Изумленно таращилась я на этот стих Ветки, так глядят на замазанную сажей икону. Глаза застыли в орбитах. Радужки пропускали небесный рентген. Зимние зрачки затягивались слезами. Плыл холодный экран и качался, заслоняли его костлявые обледенелые ветки, их мял и бил ветер, я понимала, что новорожденная, недуром вопящая в колыбели, лютая ненависть толкнула Ветку написать такие стихи, и ненависть эта сейчас крутила и ломала ту, на кого была обращена – мою живую душу. И этот древний, былинный, морской-античный ритм… и этот зал, судилище это призрачное, куда она, Ветка, входит, чтобы услышать приговор…
Внутри меня все перевернулось. Это я входила в зал суда. Это мне должны были прочитать приговор. Меня должны были казнить. У меня было странное, чудовищное чувство, что я сама это написала. О себе. Про себя. Для себя. Во имя себя. Чтобы спастись. Не умереть.
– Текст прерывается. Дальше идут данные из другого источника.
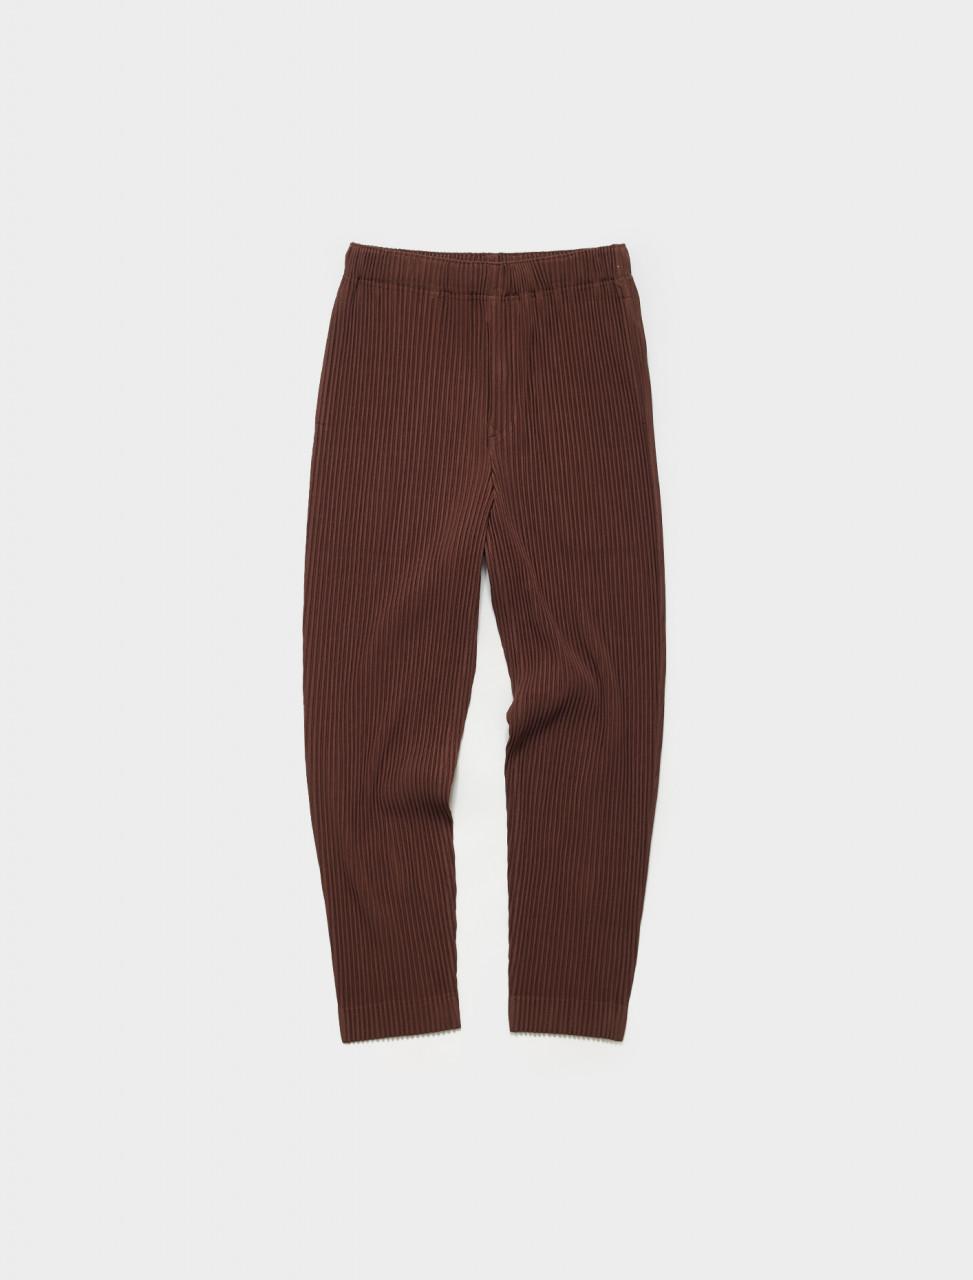 HP16JF128-44 HOMME PLISSE ISSEY MIYAKE Pleated Trousers in Burnt Umber Brown

Конечно, я прекрасно видела весь невнятный сумбур этих стихов, их задыхальный хаос, всех этих сваленных в яркую карнавальную кучу слонов, Камасутру, шумеров и аккадов, Феникса, ярмарку, князей, все эти – Господи, зачем тут они?.. – Парижи, Трои и Римы, для пущей красоты, что ли; я поняла все отчаяние женщины, которая изо всех сил пытается втоптать в грязь другую, представляя себя великой мученицей, а ее – глупой жестокой слонихой. Если казнь – значит, бессмертие! Ведь это же так просто! Я – героиня! Казнь мне нужна! Чтобы меня – запомнили! А та, другая, соперница, бездарность, лживая владычица чьих-то глупо опьяненных сердец, да она вовсе никакая не княгиня, не сестра, не подруга, сорвем эту маску, ребята, плюнем тетке в морду, да вы же видите все, ха, ха, она просто толстая цирковая слониха, невольница под кнутом, и стихи ее умрут, и мифы ее – бесполезный, бесчестный мусор, и песни ее забудут и зароют вместе с ней. А вот я, я – буду жить! Вечно буду жить! Вечно!
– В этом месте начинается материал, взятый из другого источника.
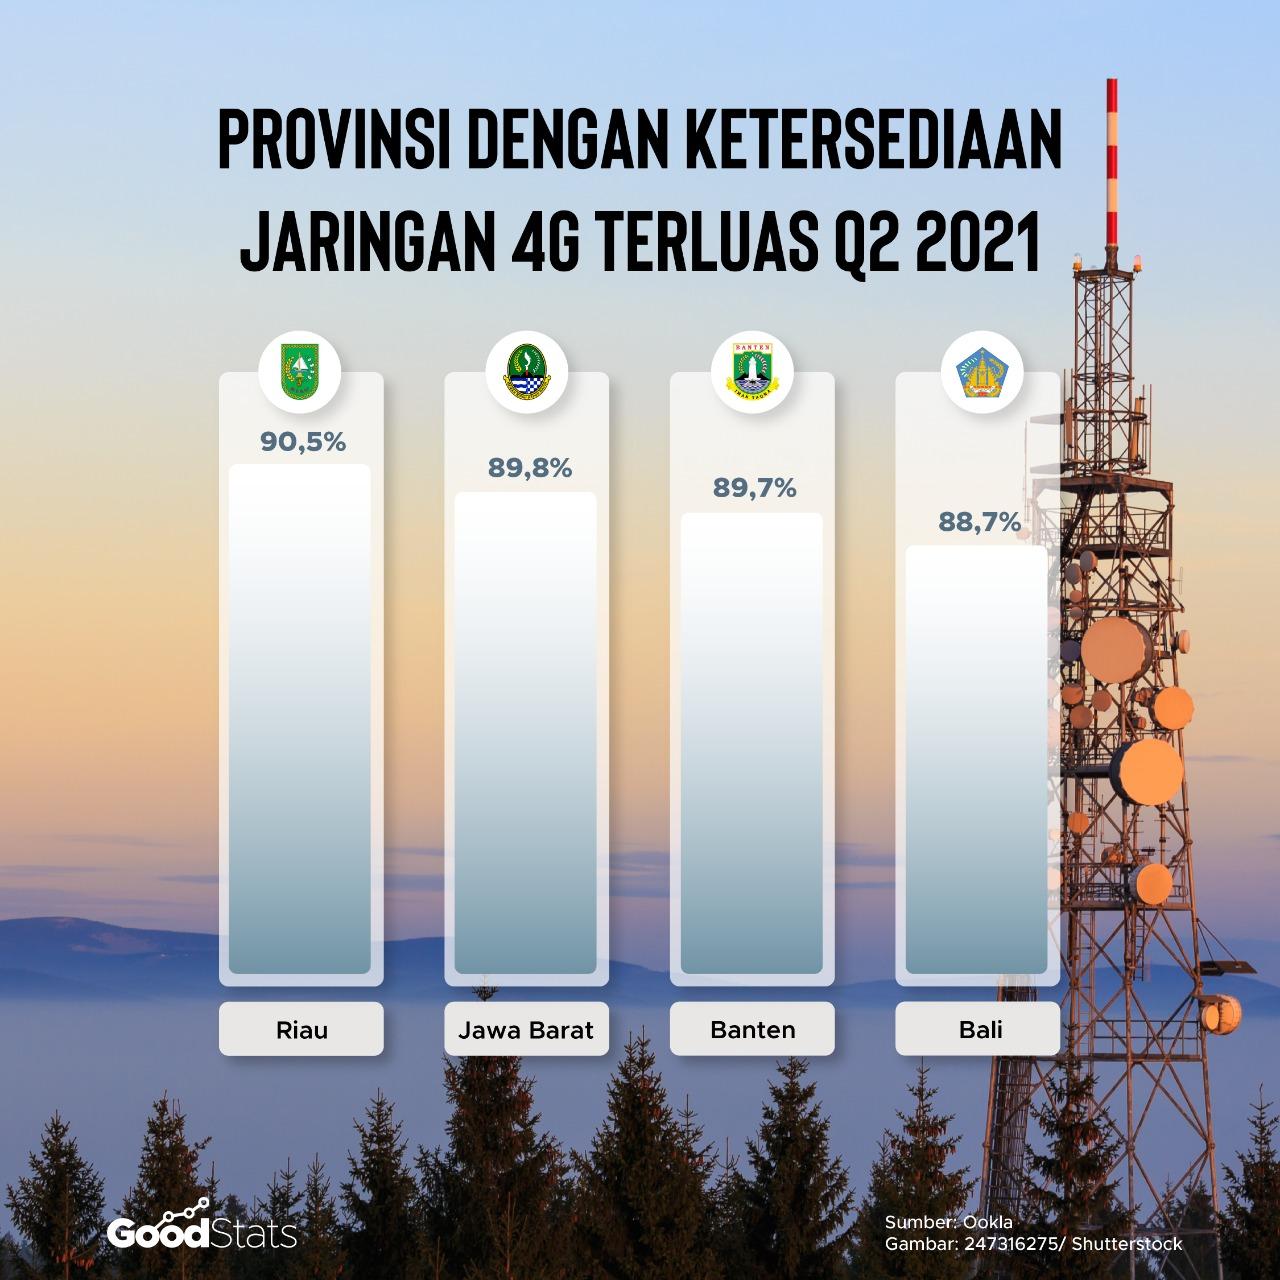 Provinsi dengan Ketersediaan Jaringan 4G Terluas | Goodstats

…я видела: распад ветров и огней болотных мерцанье, тоскливые полоумные вихри обращались в неведомый пестрый звукоряд, в неряшливо скроенное лоскутное одеяло, сшитое хоть и наспех, кривой иглой, да бойко, хитро, ловко.
…и смешно, и страшно просвечивали, светили со дна топкого болота, из сметанных наспех силков насмешки, укоры, колючки, обиды.
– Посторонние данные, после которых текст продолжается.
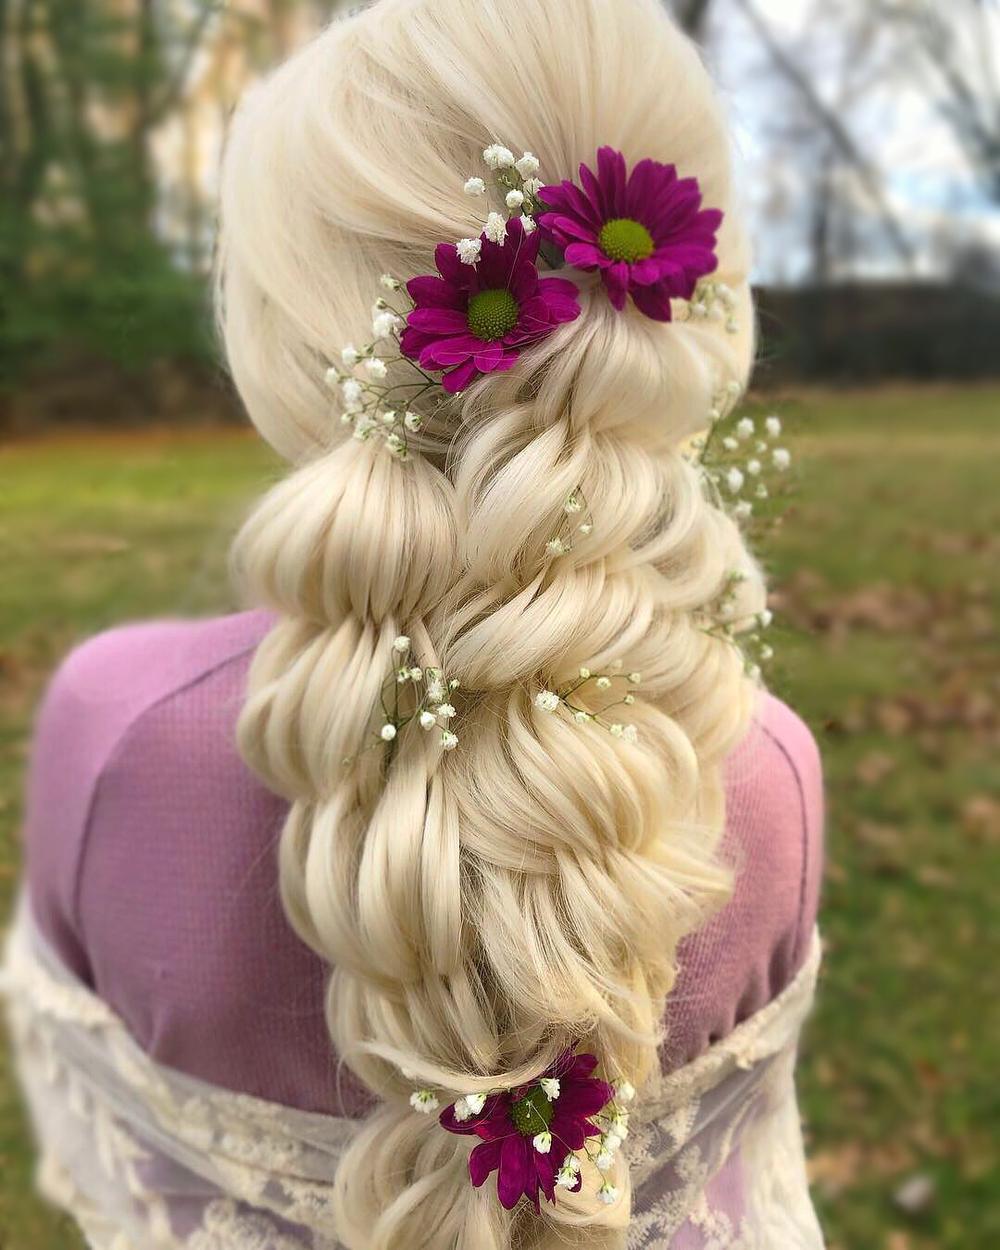 Natalie Thomas, @Bridal_bynatalie, Best Braid

…больно, больнее, еще больней ей сделать. Кому? Ей? Мне?
…и я, люди, люди, слышите, люди, читая это, я уже не понимала, я буду жить вечно или она. Соперница она мне или мой бесстрастный судья. Зеркало она мое – или я сама.
Я встала из-за стола и, пьяно качаясь, подошла к зеркалу. На меня из довременной тьмы глянуло лицо. Мое лицо. Мое?
…я теперь этого не знала.
…волосы завились в рыжие кудряшки. Цыганские серьги болтались в мочках. Ярко накрашенный рот сложился в гадальное червонное сердечко. Нарумяненные щеки лоснились, как у матрешки. Блестящее ожерелье десятком звездных витков обматывало вечно-морщинистую шею.
Я моргнула. Побила себя кулаком по щекам. Ущипнула себя за подбородок.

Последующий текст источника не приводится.